Pet is a low budget, vaguely homoerotic supernatural thriller that recalls the pulpy late-night anime of the Noughties. As such, it won’t win praise for its subtly, but is still a pretty good time.
Plot summary
A boy is born with psychic powers. He grows up to be a gangster, brainwashing and manipulating low-lives into doing bad things, and then making them forget it ever happened.
Is it any good?
Pet is promising, but difficult to pin-down after just this one episode. Clearly, it’s a low budget affair, the kind of seinen horror anime that doesn’t aspire to be well-animated or popular (I’m thinking of stuff like Sci-Fi Harry and Blassreiter here) but is basically entertaining. Pulp anime is another way of putting it: melodramatic characters doing bad things to each other, which, I admit, doesn’t exactly sound like a good time, yet works in inventive ways.
There’s also an undercurrent of homoeroticm: men touching hands, open-shirted, getting into water fights and changing clothes together. I wasn’t surprised to learn that the author of Pet‘s manga, Ranjō Miyake, had written boys-love stories in the past, it just has that aesthetic.
(This is what it means to damn a series with faint praise, isn’t it?)
What are you worried about?
Pet walks a fine line between interesting and bland.

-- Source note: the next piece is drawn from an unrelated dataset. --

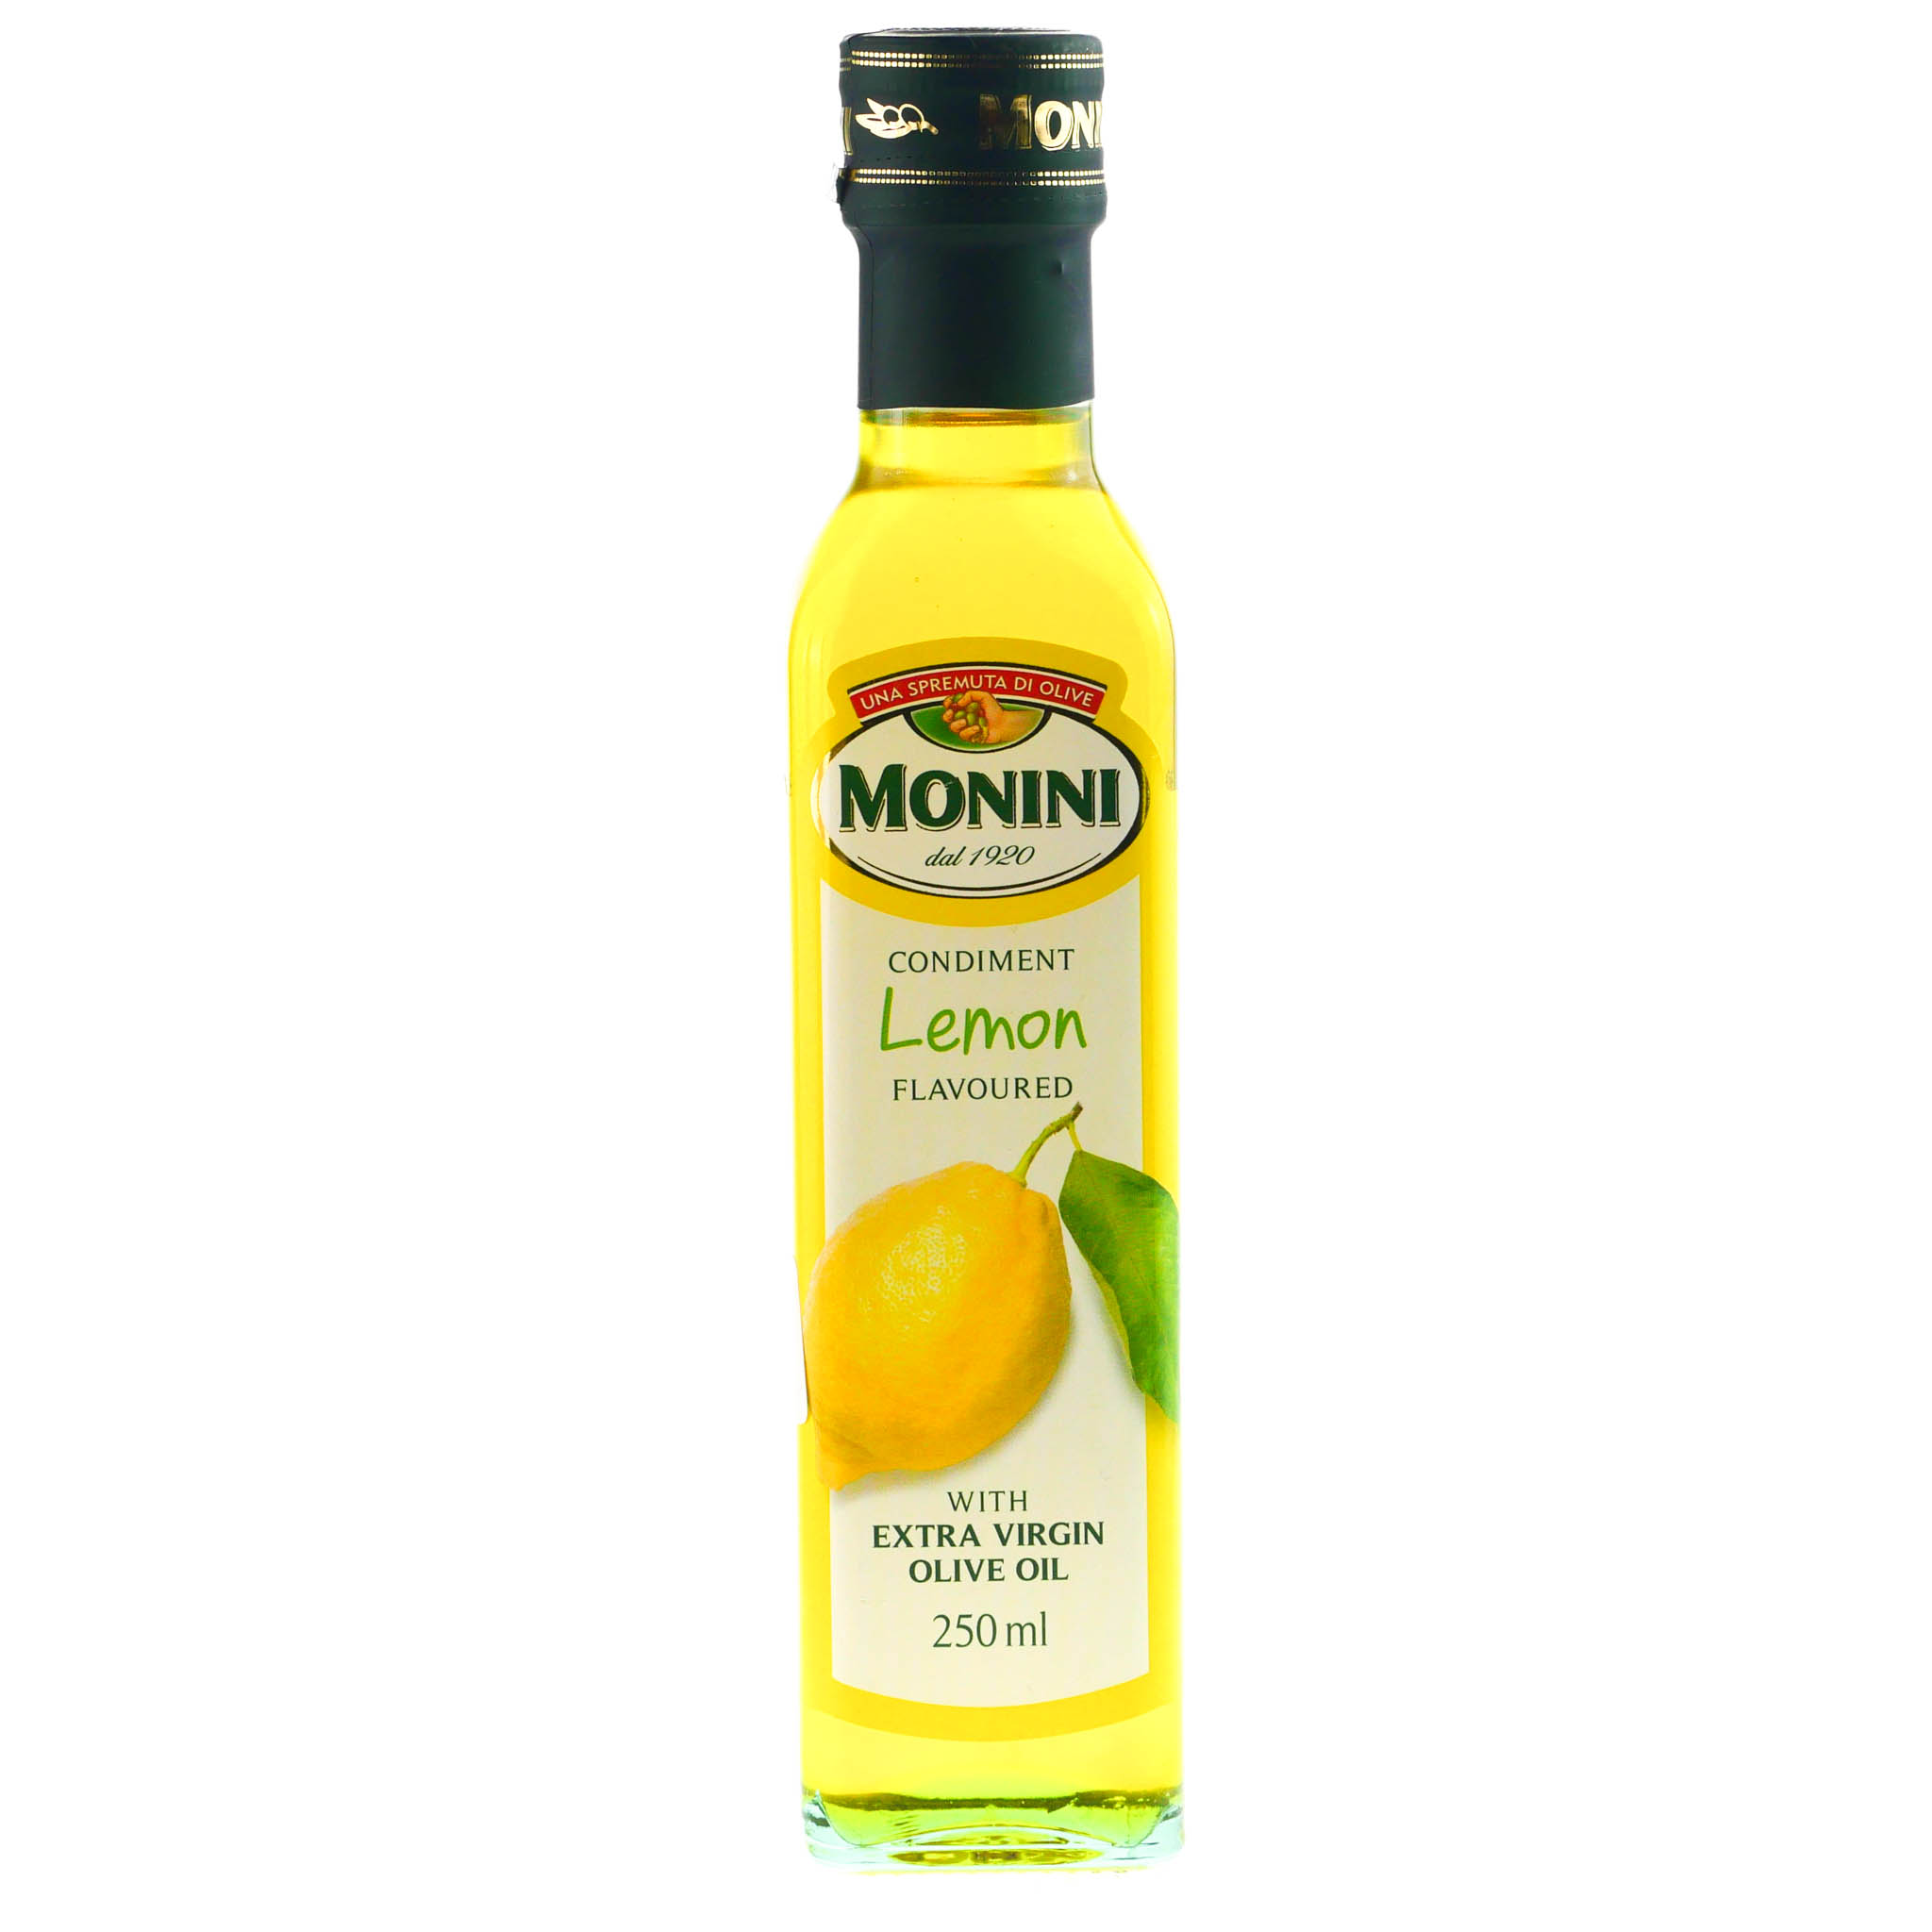 Оливковое масло для детей. Monini масло оливковое Extra Virgin. Масло Monini оливковое 250 мл. Масло из виноградной косточки Monini, 500мл. Масло оливковое с базиликом Extra Virgin, 250мл.
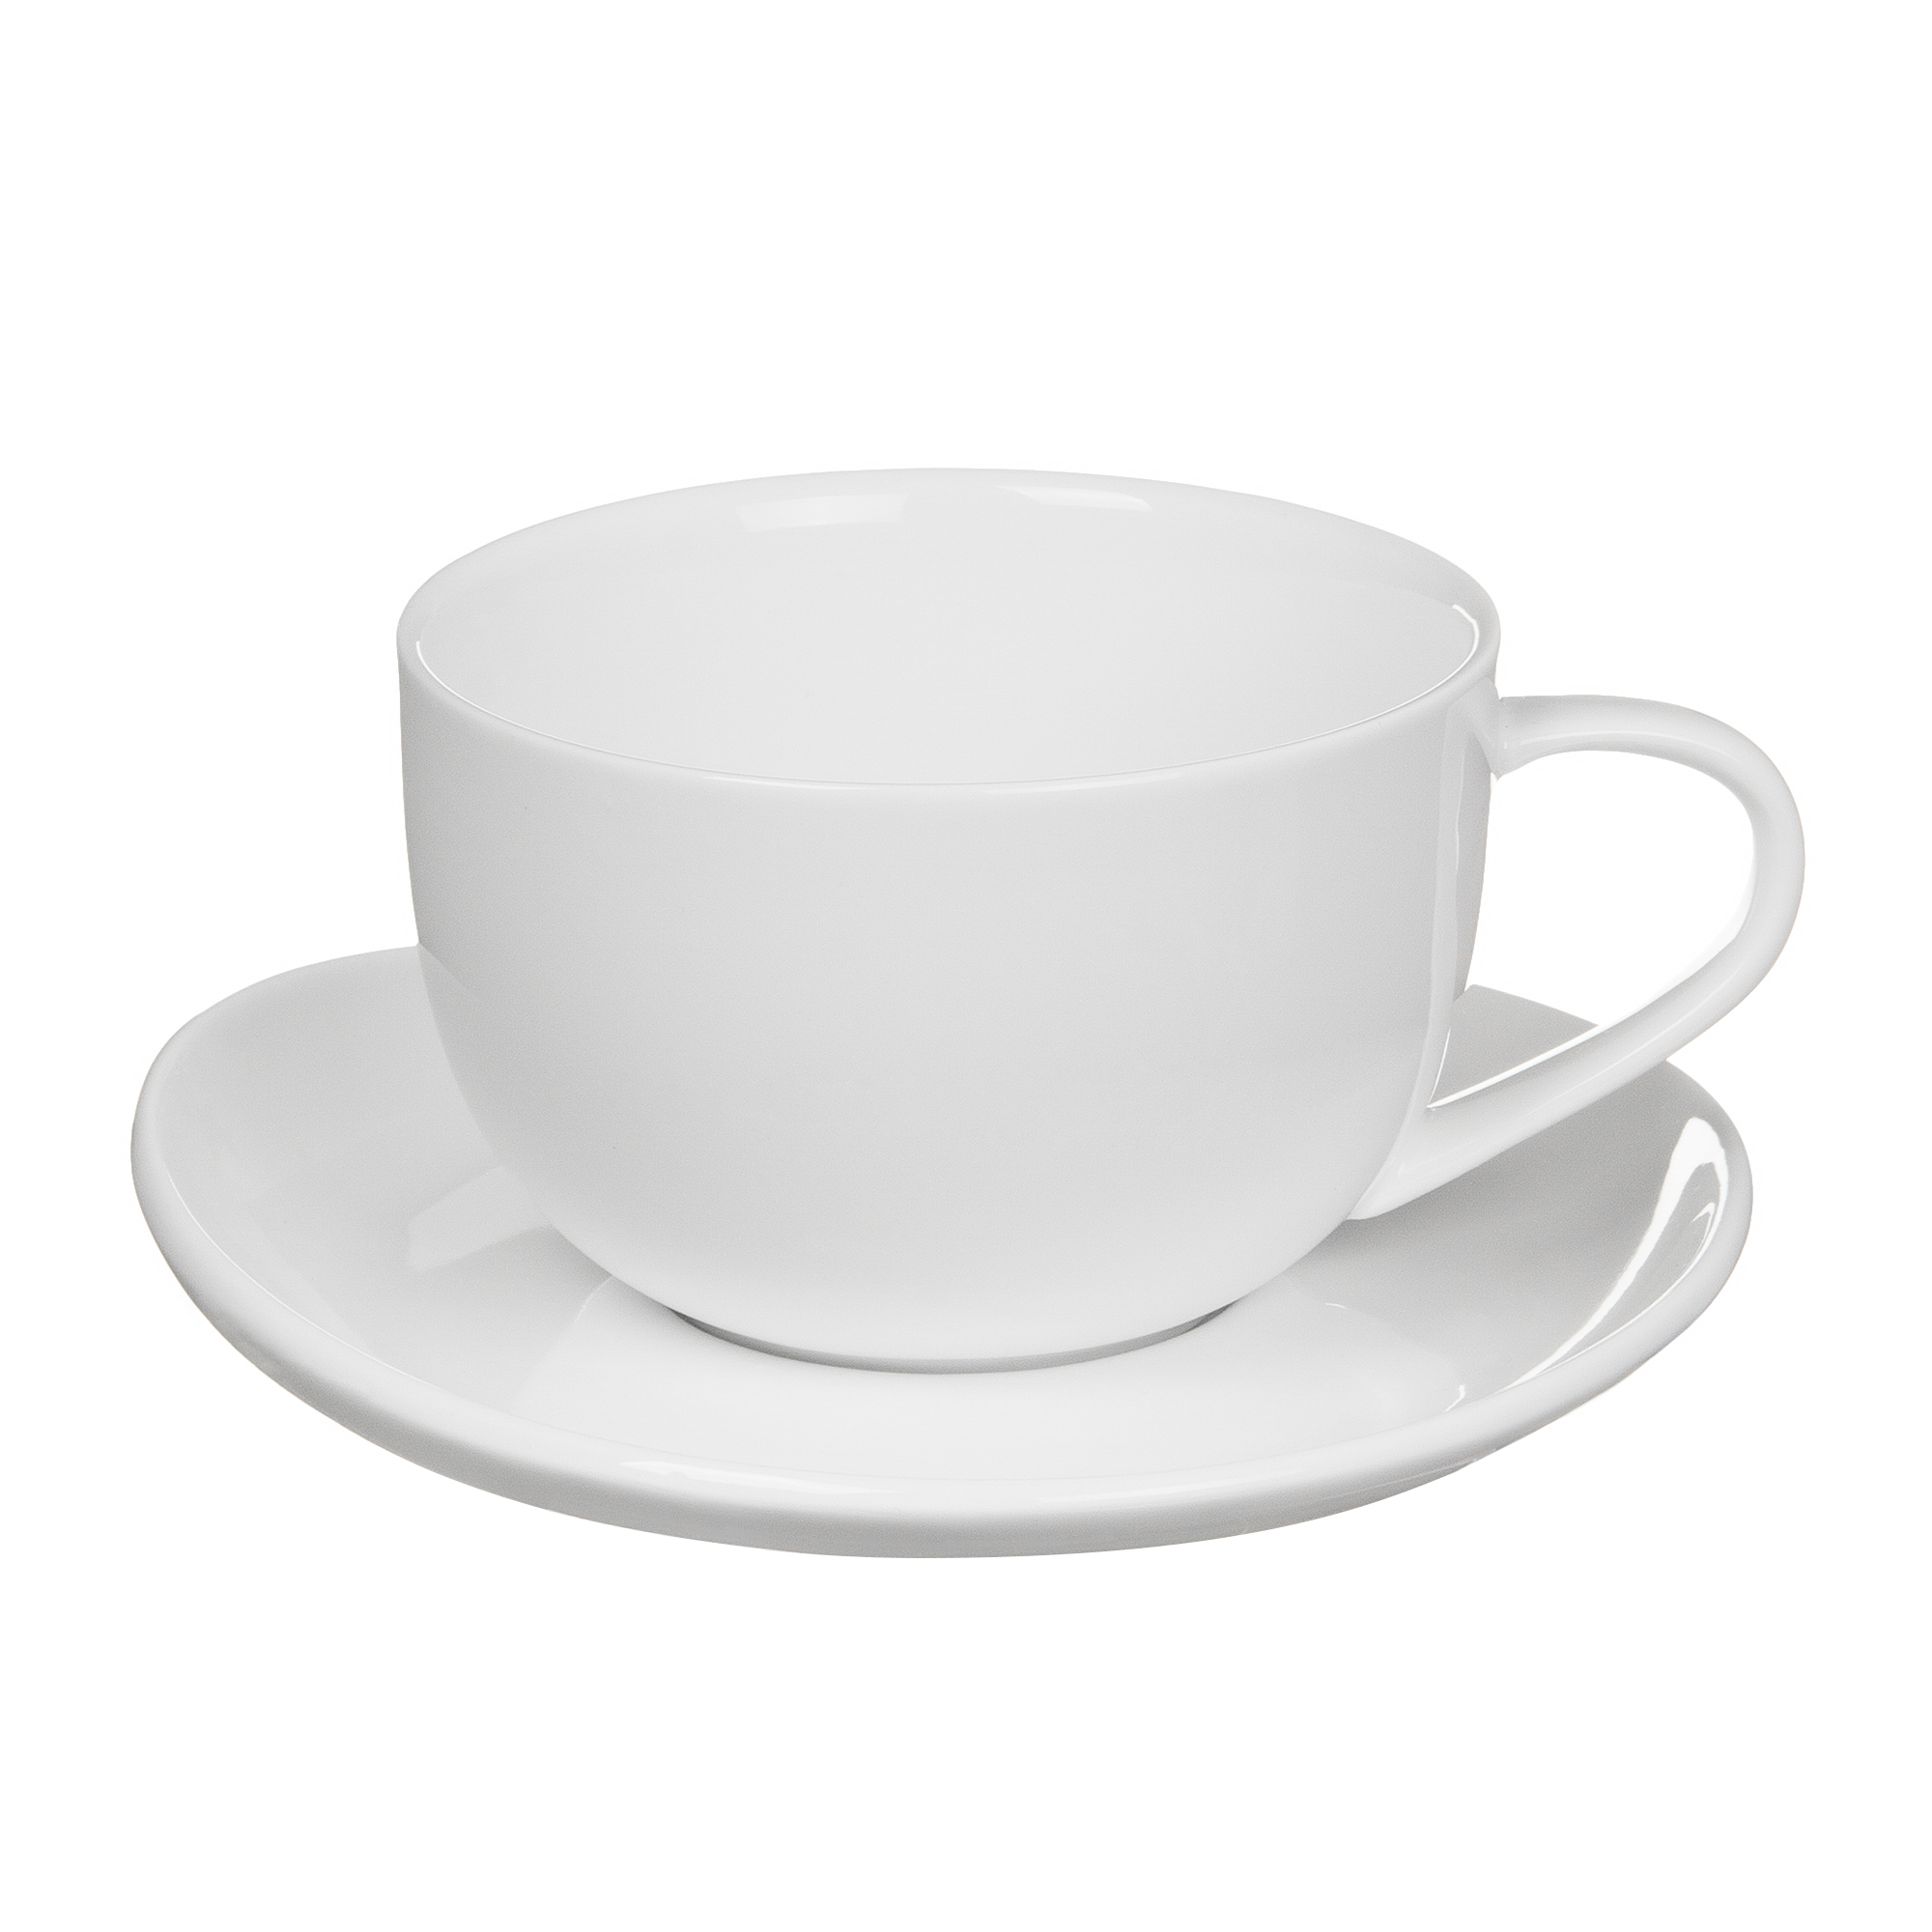 Пара чайная чашка + блюдце 350 мл Tudor TU9999-4 пара кофейная чашка блюдце 90 мл tudor

I have faith in director Takahiro Omori, at least. He has worked on a lot of good anime in the past and he surely wouldn’t knowingly walk into working on a dud manga. It’s just that this episode was neither convincing nor sympathetic. We still need a hook; something to make us care.
The images that I’ve chosen hopefully speak for themselves because Pet has some colourful and fun visuals when it dives into the crazy waters of the human mind, it just needs a personality to match.
I would also note that this was originally set to air during the Autumn 2019 season, but supposedly wasn’t ready and had to be delayed until now, hinting at problems behind the scenes. Which is to say, I hope the animation doesn’t collapse.